Says a company source, ``Sebi has forced us to make an offer for sale even in this volatile market. Since the share is trading at a very low price mainly due to bad market condition, promoters as well as shareholders will be losing their investment value if we make the offer at a very low price. If the offer price is attractive enough to get full subscription, the floating stock will see a considerable jump and hence, shareholder value in terms of market price is bound to go down.''
According to the source, even if the promoters' stake remains the same due to poor investor response, this does not call for an action against the company. ``Since we are technically complying with theSebi jurisdiction, we should not face any action from Sebi even if the promoters' stake remains at the current level. As the price is very high at Rs 170, there may not be any subscribers for this issue,'' says the source.

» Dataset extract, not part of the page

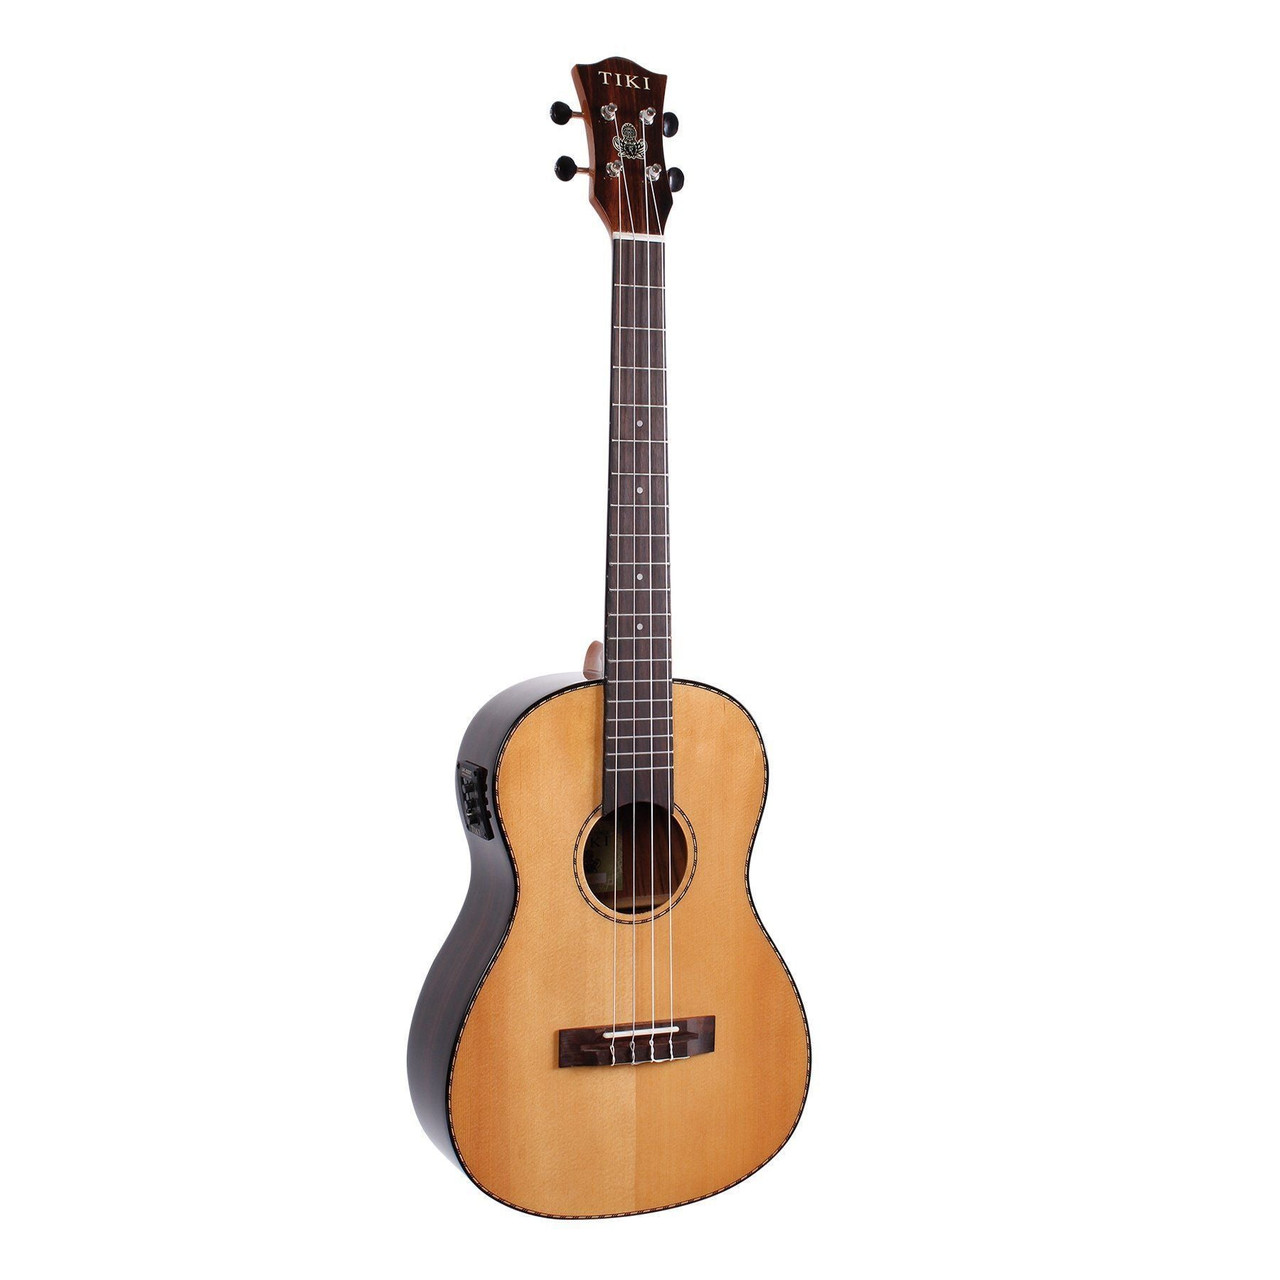 https://cdn.shopify.com/s/files/1/1636/6967/products/Tiki-22-Series-Spruce-Solid-Top-Electric-Baritone-Ukulele-with-Hard-Case-Natural-Gloss-TSB-22P-NGL-3_c433787f-0215-4bc8-a7d5-a1cfff68b32b.jpg?v=1630775413

The Rs 20.4 crore offer for sale is being made by Navnitlal R Shah, Chetan N Shah, Hiralaxmi R Shah, Himani C Shah and Chaitali C Shah. Post-offer, the public stake is expected to go up to 41.45 per cent, if all the shares are picked up by the public.
Against the offer price of Rs 170, the company has a bookvalue of only Rs 51.96 as on March 31, 1998. The 1998-earnings discount the offer price by a multiple of as high as 13 times. The company's return on networth has been falling continuously from 30.74 per cent in fiscal 1995-96 to 25.1 per cent in fiscal 1997-98. The Ashapura Minechem counter on BSE is not very active. Although the share is regularly traded, the volume is very low. The shares are listed at Mumbai, Ahmedabad, Delhi, Chennai and NSE.
A recognised export house, thecompany is into the manufacture, processing and marketing of bentonite products. The company has recorded a total income of Rs 77.57 crore for fiscal 1998 against Rs 66.79 crore during fiscal 1997. The net profit increased to Rs 8.15 crore from Rs 7 crore in fiscal 1997. Lead managed by BoI Finance, the offer for sale opens on September 28 and issue closes on October 12.